[Start of section]
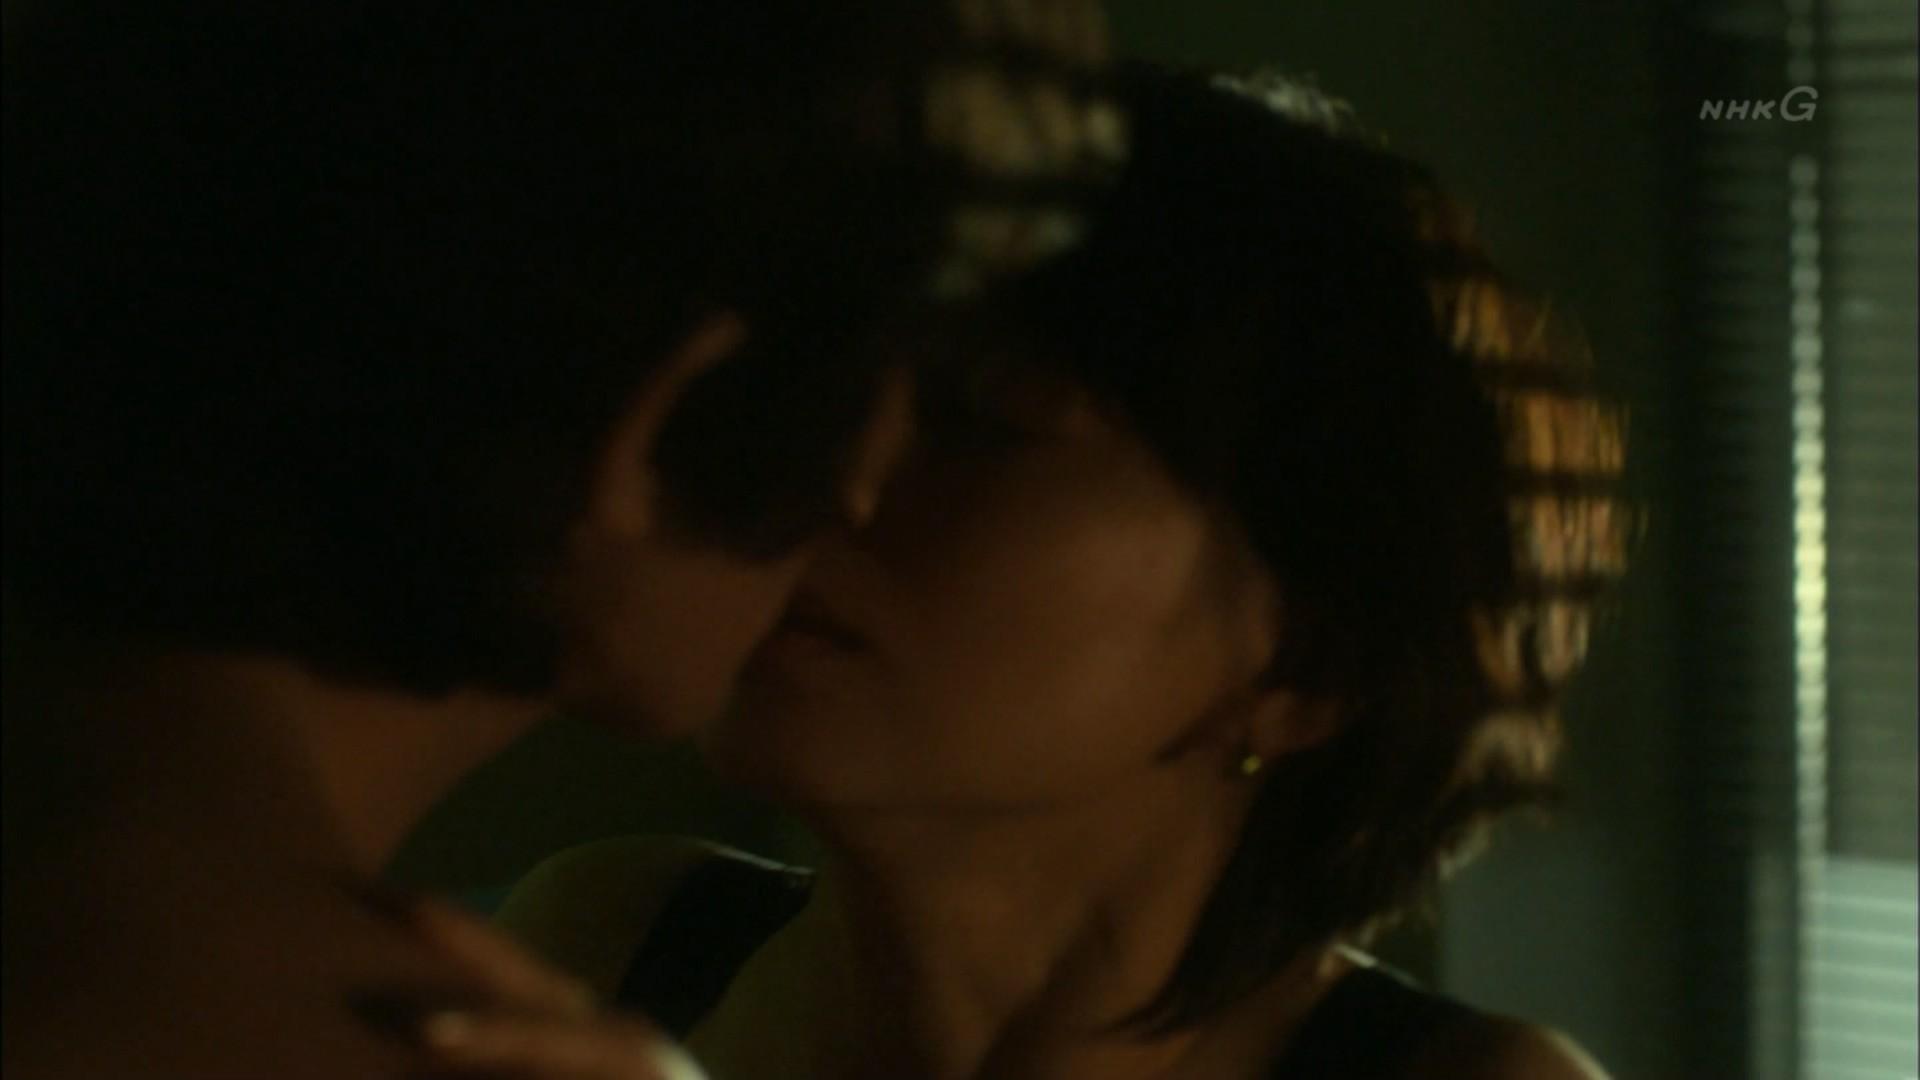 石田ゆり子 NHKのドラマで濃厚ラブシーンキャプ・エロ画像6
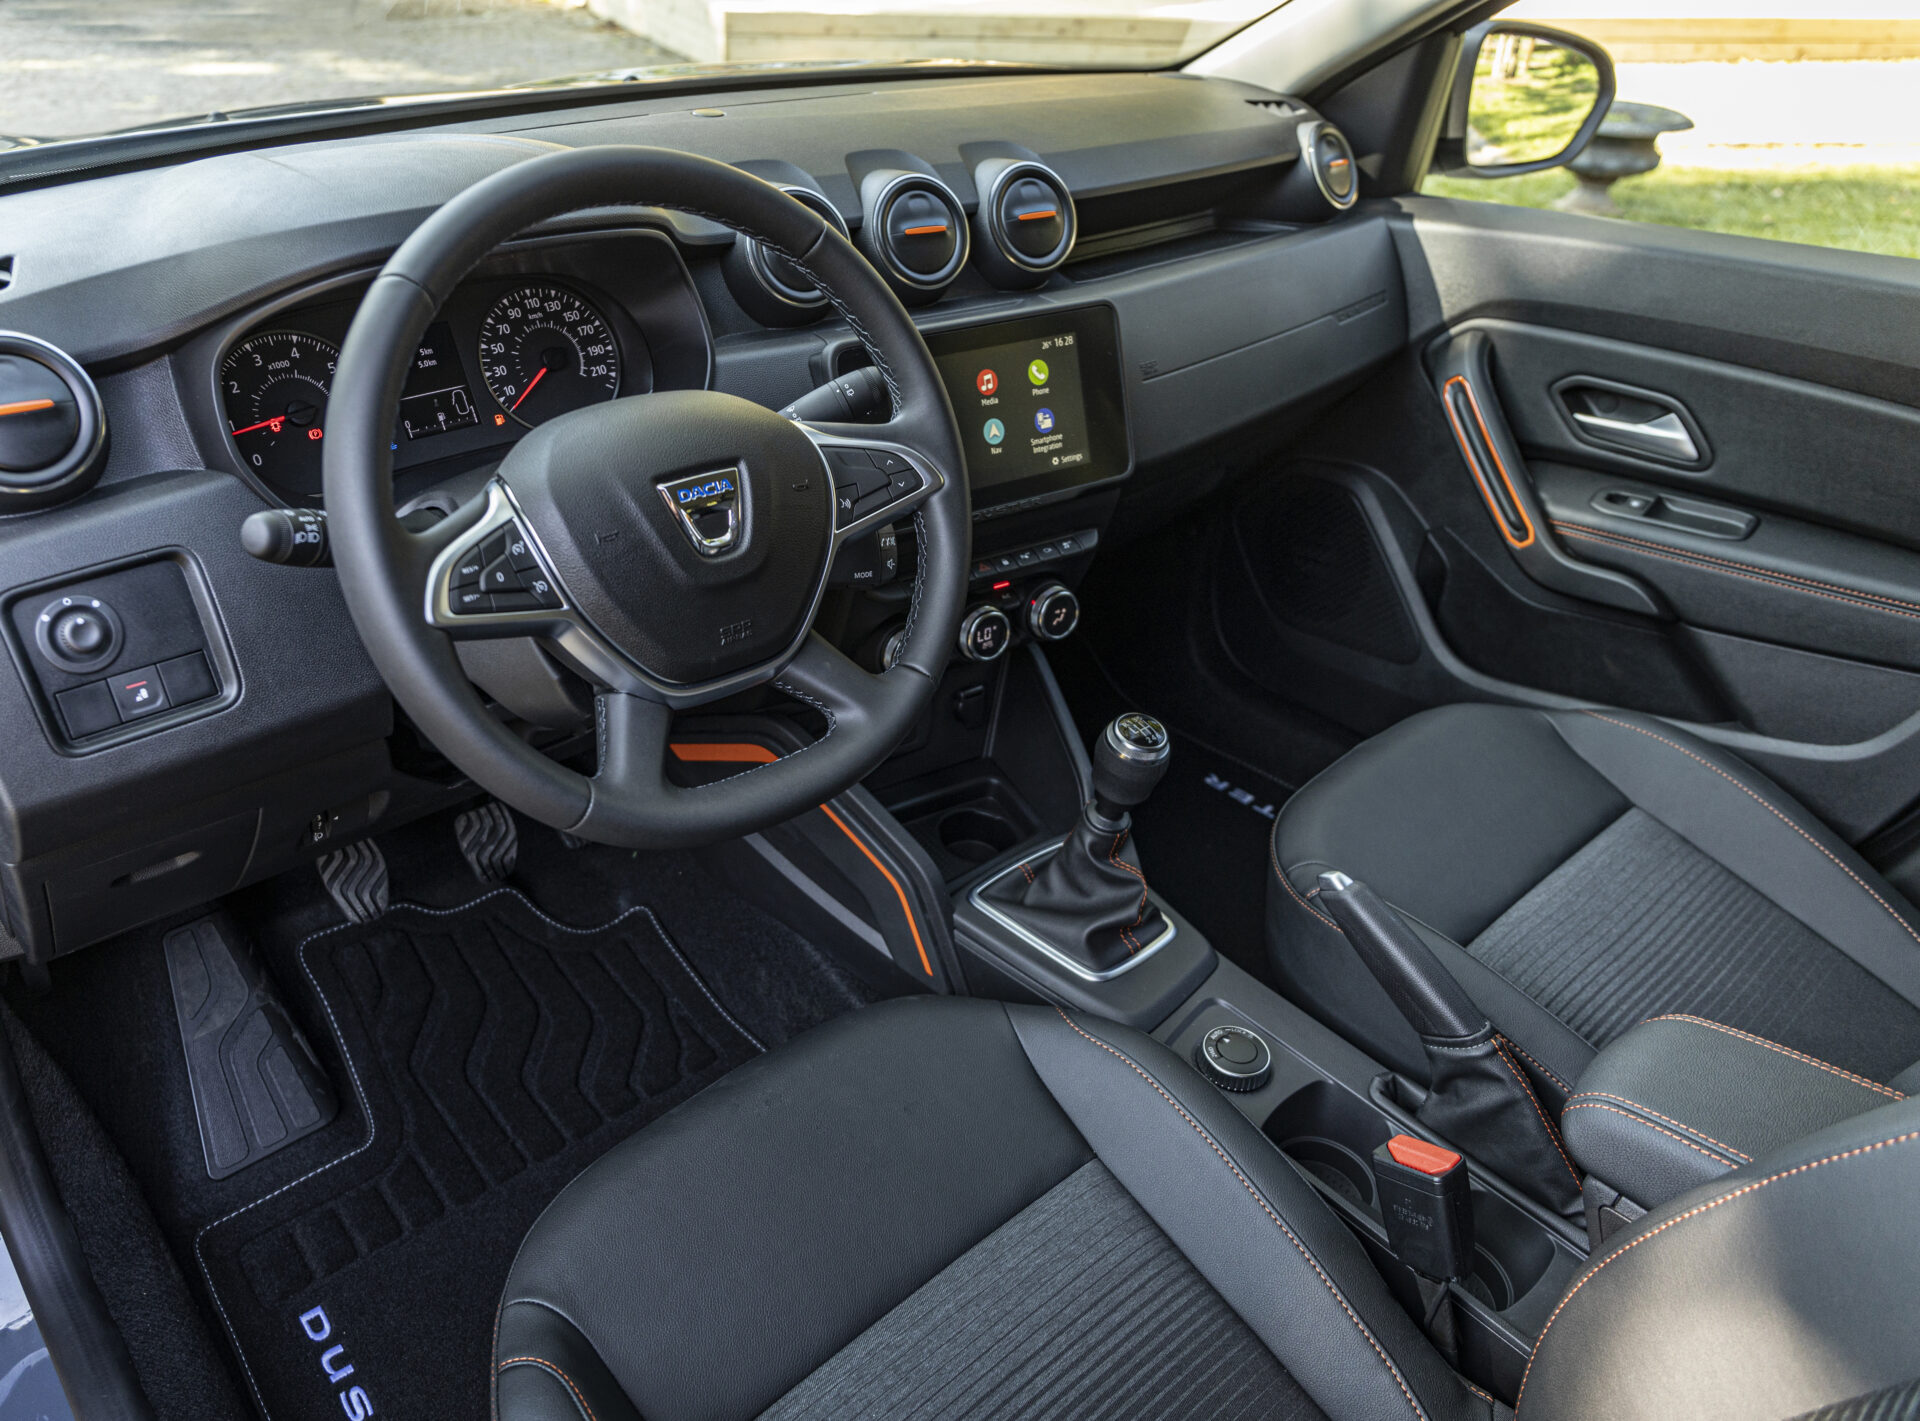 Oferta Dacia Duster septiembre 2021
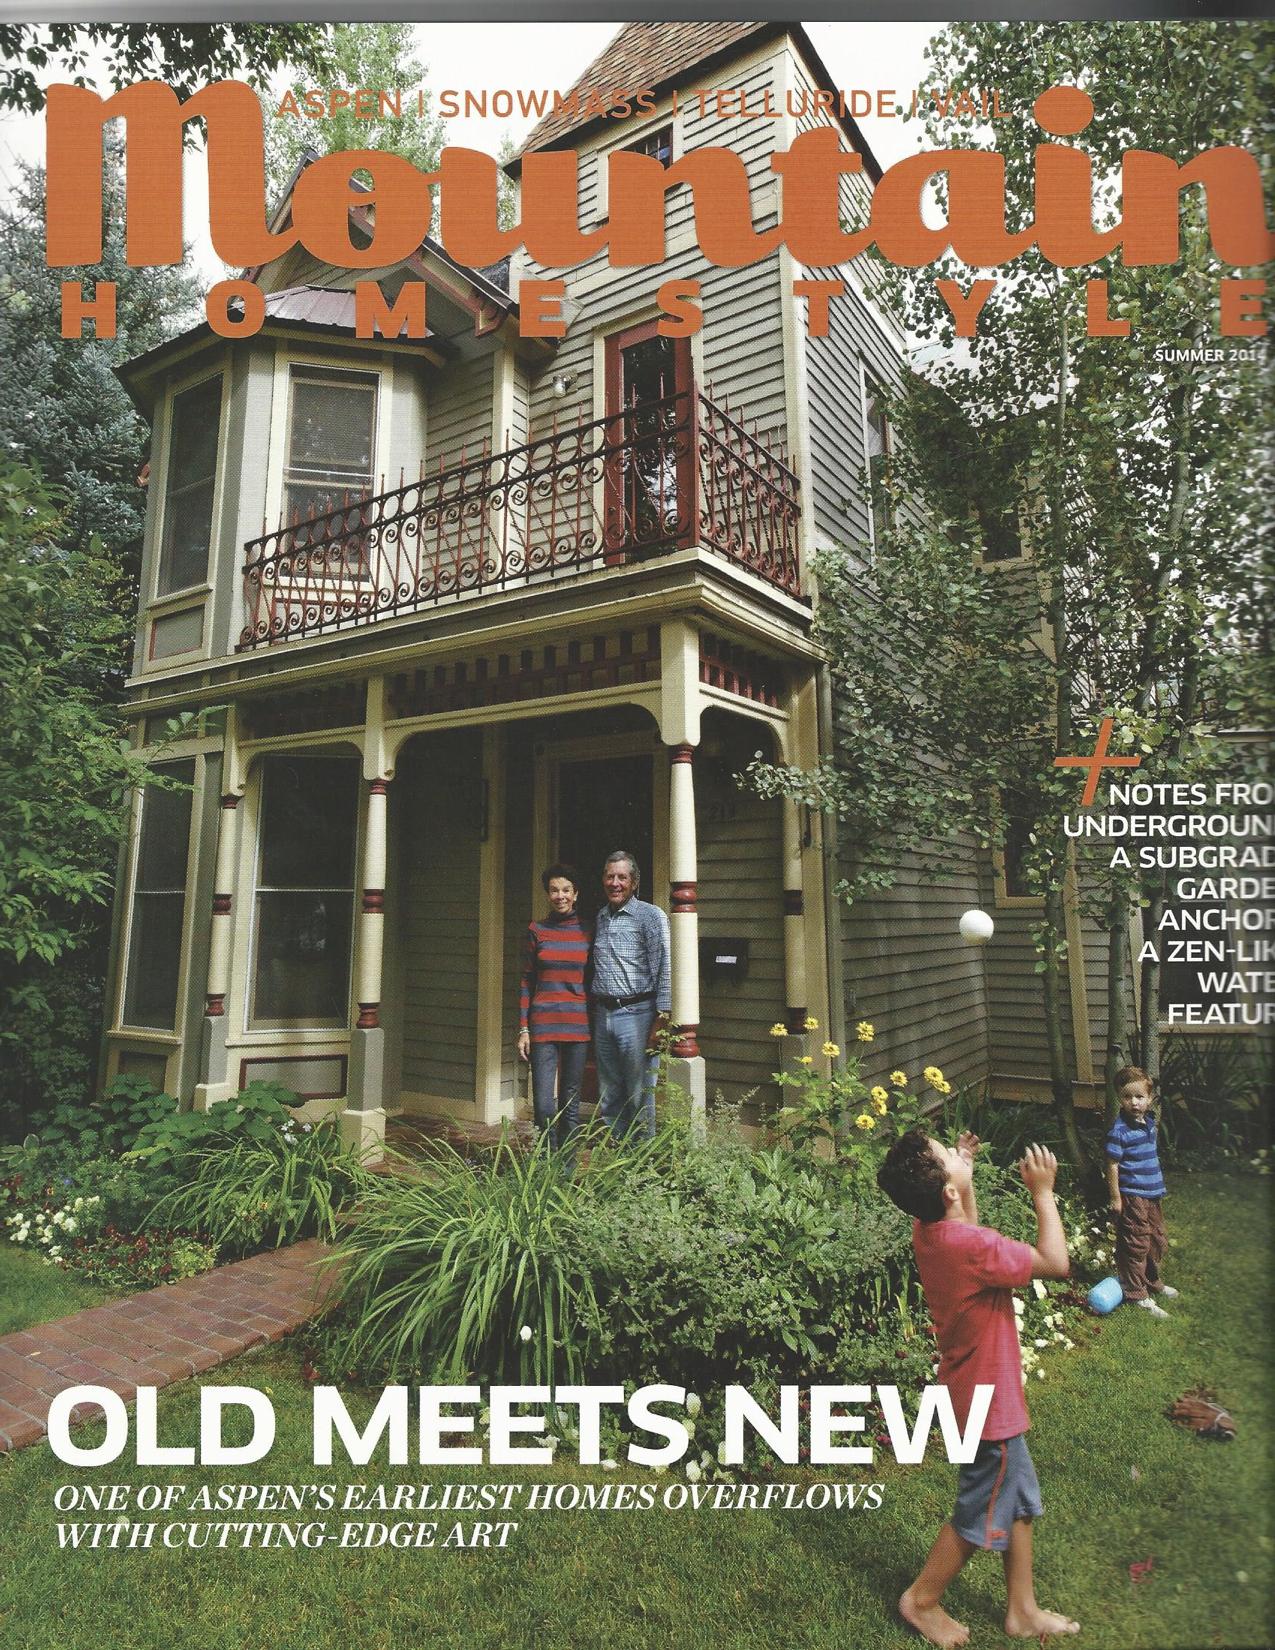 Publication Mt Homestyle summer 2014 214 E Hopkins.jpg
[End of section]
**The task:**
Word-for-word transcription: the whole listing, with images excluded.

**Solution:**
 石田ゆり子 NHKのドラマで濃厚ラブシーンキャプ・エロ画像6
 Oferta Dacia Duster septiembre 2021
 Publication Mt Homestyle summer 2014 214 E Hopkins.jpg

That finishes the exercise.